Thursday, June 10, 2010

Process and Thread In Linux

Process:
A process is a unit of execution that can be scheduled. Examples include the shell in Linux, and the invocation of a command from the shell. In Linux, one can find process manipulation functions in the header file unistd.h. A process is identified by pid_t, defined in sys/types.h, where pid refers to the Process ID. Linux has a special process called init from which all other processes are spawned. The init process has an ID of 1. The ID of the process your program
is running in can be obtained with the function getpid(). Every process, except init, has a parent process. The parent’s ID can also be obtained with the function getppid(). To view all processes running on a system, the user can use the shell command ps with the option -e. Each process’s ID, parent’s ID, and command that started it is displayed. To end a process, the kill command can be executed with the process’s ID as an argument. When killing a process, the kernel sends a SIGTERM signal to it. A handler could be implemented in the program to intercept the signal so that, for example, files or connections could be released before stopping the process gracefully.

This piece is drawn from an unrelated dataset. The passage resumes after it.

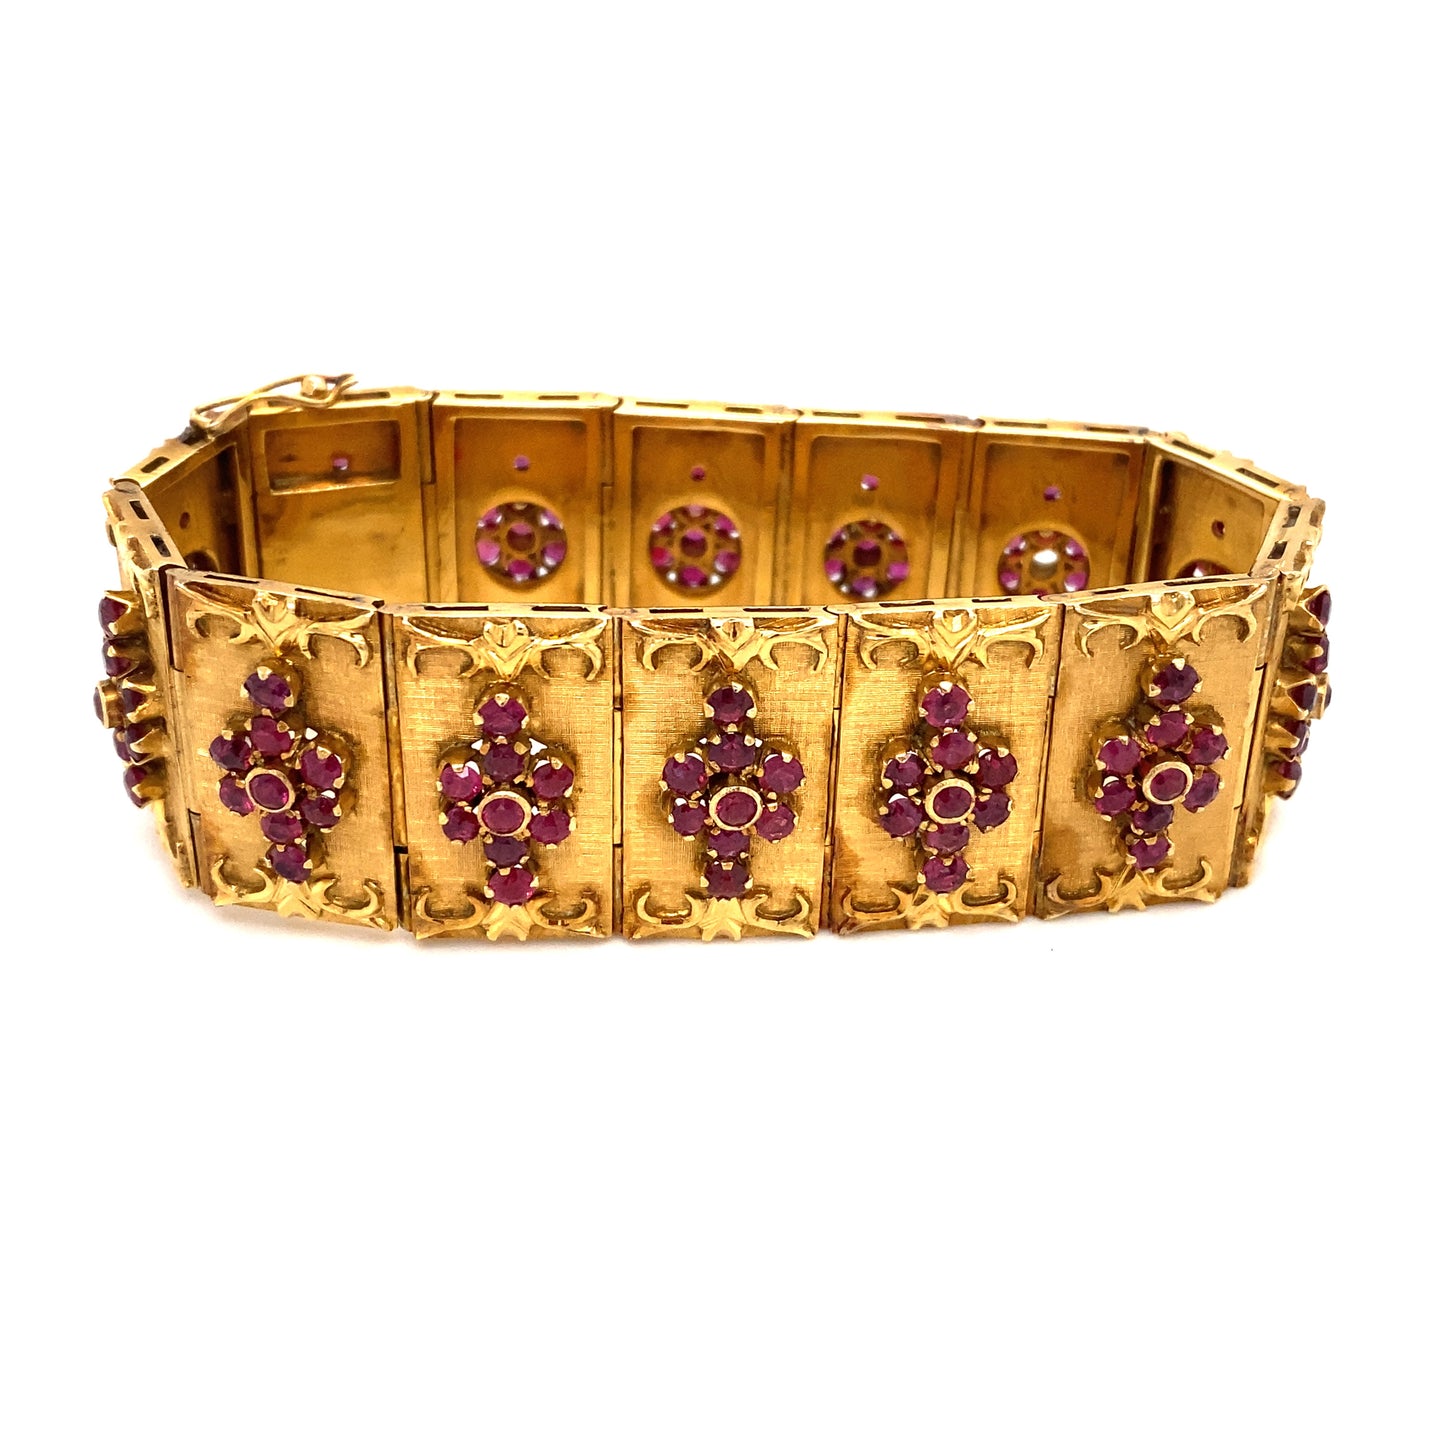 Circa 1960s Ruby Panel Bracelet in 14K Gold

When a program is running, it can be terminated with the exit function. There are several ways to create a process. The first is with the system function, which will run the command given as an argument in a shell. The second is to fork the process; a new child process will begin running the exact same program as its parent, beginning at the statement after the fork command. All memory is copied from one process to the other, and no memory is shared between them. Conflicts could arise from the use of resources such as files. Finally, the exec function can switch the program being run altogether. Using exec does not result in concurrency like fork can; it only changes the program. It is as though the code has been swapped out for new code. Note that while it used to be fashionable to create multiple processes for each program, there is a big performance hit for creating and communicating between them, so it is much less prudent to do this today. An exception is agent-style programming where multiple processes are still used.

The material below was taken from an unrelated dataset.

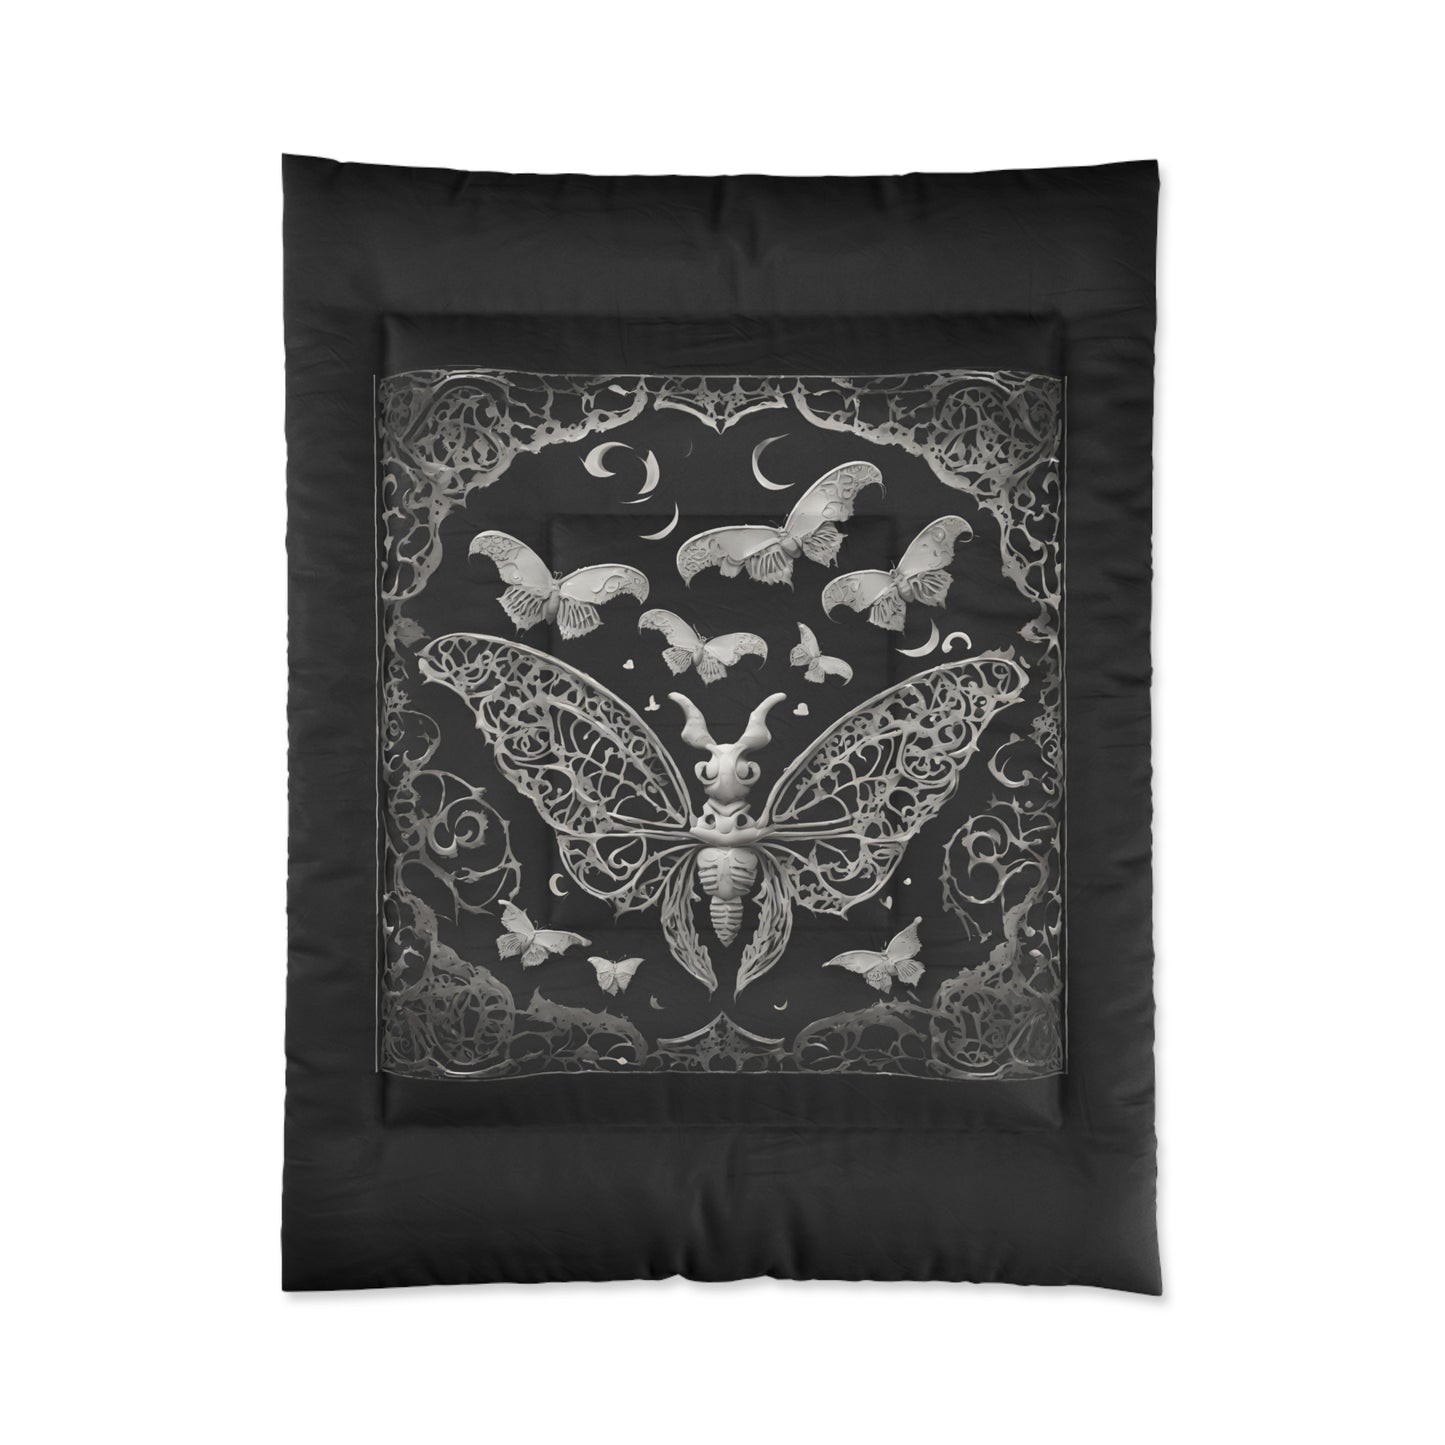 Dream Moths Comforter

It is sometimes desirable to give a particular process more execution time than the others. This can be done with the nice command, where a lower number means higher priority.

Thread:
Threads are often a preferable alternative to processes, especially for simple tasks. While a process is handled by the kernel, threads are contained and managed by processes. This results in higher performance and the ability to share memory. In fact, thread creation is 10 to 100 times faster than process creation. Despite these pros for using threads, there are dangers involved as well. Because memory is shared between threads, data must be thread-safe; that is, mechanisms must be put into place to ensure that the integrity of data is maintained even if multiple threads are trying to access it at the same time. Furthermore, race conditions can occur where the order and timing of events between multiple threads unexpectedly determine the outcome of a procedure. For example, suppose that a user starts a chat on one server, thereby getting channel-operator privileges. At the same time, a second user with the same name tries to start another chat on the same network, but on a different server. Neither server has received notice of the other server’s channel allocation, so the users will be able to access each others’ chats with higher privileges because they have the same name. To create a thread in Linux, the pthread_create function is used:
int pthread_create(
pthread_t * thread,
pthread_attr_t * attr,
void * (*start_routine)(void *),
void * arg;
The new thread will execute concurrently with the calling thread. The function start_routine will be called with the argument arg when the new thread starts, and attr indicates the attributes to be applied to the new thread. When start_routine ends, the thread will be terminated implicitly. Alternatively, the thread can be explicitly terminated with pthread_exit. If the thread was joined to another, the joined thread will begin execution when this thread has terminated via
either method. A thread may be run in detached mode with the function pthread_detach, guaranteeing that memory resources consumed in the function’s argument thread will be freed immediately when the thread terminates. This causes the thread to be nonjoinable, so other threads cannot synchronise on the termination of this thread. To help make programs run thread-safe, a pthread_mutex may be used. Such a mutual exclusion mechanism will help ensure that concurrent access to certain data is thread-safe. The function pthread_mutex_lock may be called in an attempt to get exclusive access to the data it protects for a particular thread. If another thread already has the lock, the calling thread will be suspended until the lock is released. To unlock access, pthread_mutex_unlock is used. Note that the pthread facilities are available as C code. It may be desirable to make use of them in C++. One way to do this is to use a C++ class that contains a reference to a thread via the pthread_t type. When the thread is created in the class’s initialization code, a static (non-class) function can be called via start_routine. Then, this main entry point for the thread can call back to a class function via its argument.